Replicating the second-hand clothing and thrift store experience online isn’t necessarily new — Etsy accounts have long sold vintage markups, while second-hand sites like the hugely popular Depop, which allows users to create their own “fashion marketplaces”, are some of the first places young people go Shopping. And eBay is, of course, the wise grandfather of all these projects. But using this web-only format for free donations of gender-affirming clothing seems like a rarer move. Many closets operate from local LGBTQ organizations or nonprofits, relying on in-person pickups and browsing experiences. Others across the country have tried to combine pop-up style shops with online ordering options; many of them are based outside universities and colleges.

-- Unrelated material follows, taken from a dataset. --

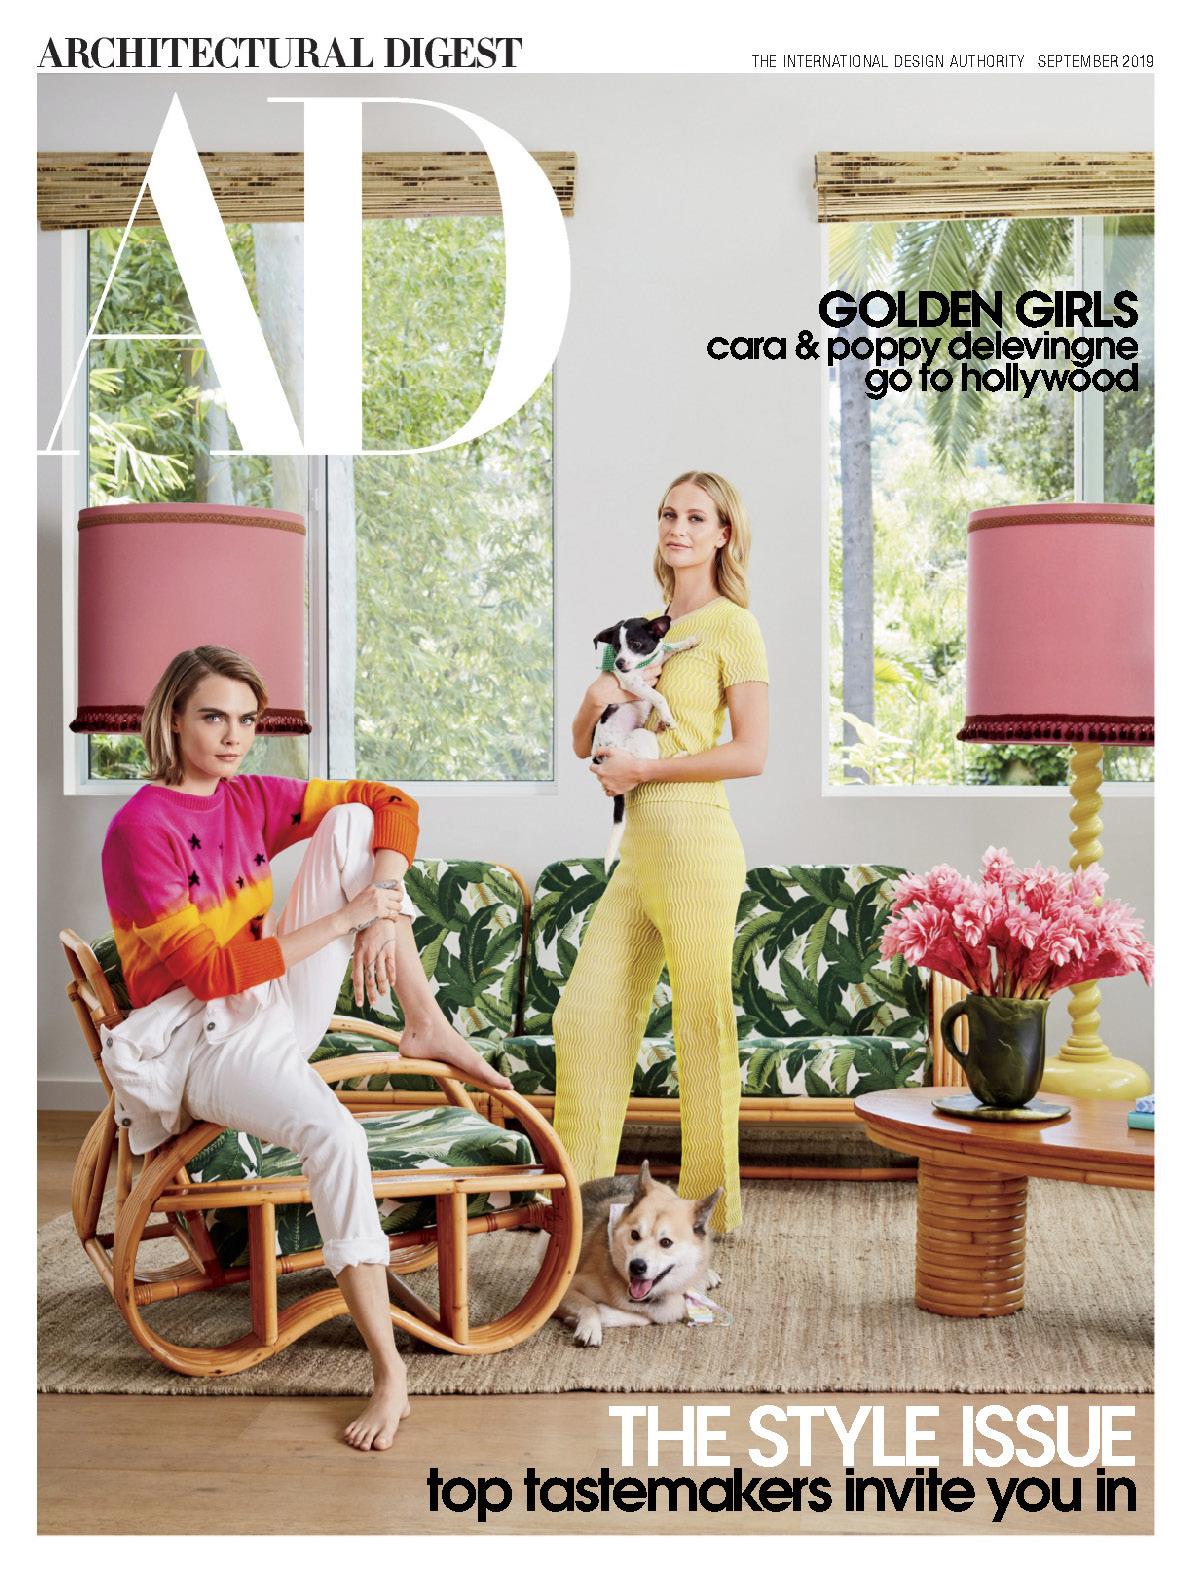 《AD》美国版室内室外设计杂志2019年09月号

The Change of Clothes Inc. model is like an LGBTQ charity Depop for those disconnected from a local or college service, and it allows young people to have a bit more control when browsing through gender-affirming clothing. “Online shopping is familiar to people. You know, you throw it in your shopping cart and hopefully a week later it’s yours. I think it’s that accessibility that makes it a little less scary , or normalizing in some way,” Matt explained. .
Amie and Matt are still hesitant to say how much their nonprofit can handle right now, pointing out that it’s just getting started. “I think we’d be happy to move on if it’s something we can handle. But we’re just trying to get through that first month,” Matt explained. “We don’t have big plans to change the world, but if we can help a child here and there…I just hope [the site] is a safe place. Amie says there is a possible future where Change of Clothes Inc. partners with brands, like bookbinding companies, or organizations, like hospitals, to send packages of clothes home with people. trans post-op At present, the will operate on the mutual trust that it serves those who truly need it.
Even if the nonprofit remains relatively small, it can still serve as an effective role model for others and inspire larger nonprofits, and that could make a potentially life-saving difference. Dr. Jonah DeChants, research scientist at The Trevor Project, told Mashable via email that these initiatives are key to fostering a sense of safety and identity in those who turn to them. “All young people deserve to feel affirmed in their identity. Whether that affirmation comes from wearing gender-affirming clothing or using gender-affirming personal care products, we know that young people who feel affirmed in their identity have better mental health outcomes,” DeChants explained.
I went to conversion therapy when I was 21. Here’s how it affected me.
The recent Trevor project National LGBTQ Youth Mental Health Survey found this to be true among trans and non-binary youth surveyed. “Transgender and non-binary youth with access to binders, shapewear and gender-affirming clothing reported lower rates of suicide attempts in the past year compared to trans and non-binary youth without access” , explained DeChants.
This is exactly where Amie hopes Change of Clothes Inc. can make a difference. “We’re very accessible. We’re just here to give you a little nudge and give you a safe space,” she said.
For more resources on trans and non-binary alliances, visit The Trevor Project’s Guide to being an ally of transgender and non-binary youthGLAAD’s Advice for trans allianceor the human rights campaign LGBTQ+ youth landing page. And if you’re looking for your own community support or other resources, DeChants suggests visiting TrevorSpacean affirming online community for LGBTQ youth to connect with each other and build support networks online.
Currently, Change of Clothes Inc. only accepts in-kind donations. They ask for slightly used clothing, such as pants, sweatshirts and t-shirts in all sizes. You can email them to [email protected] to arrange a local drop off or pick up.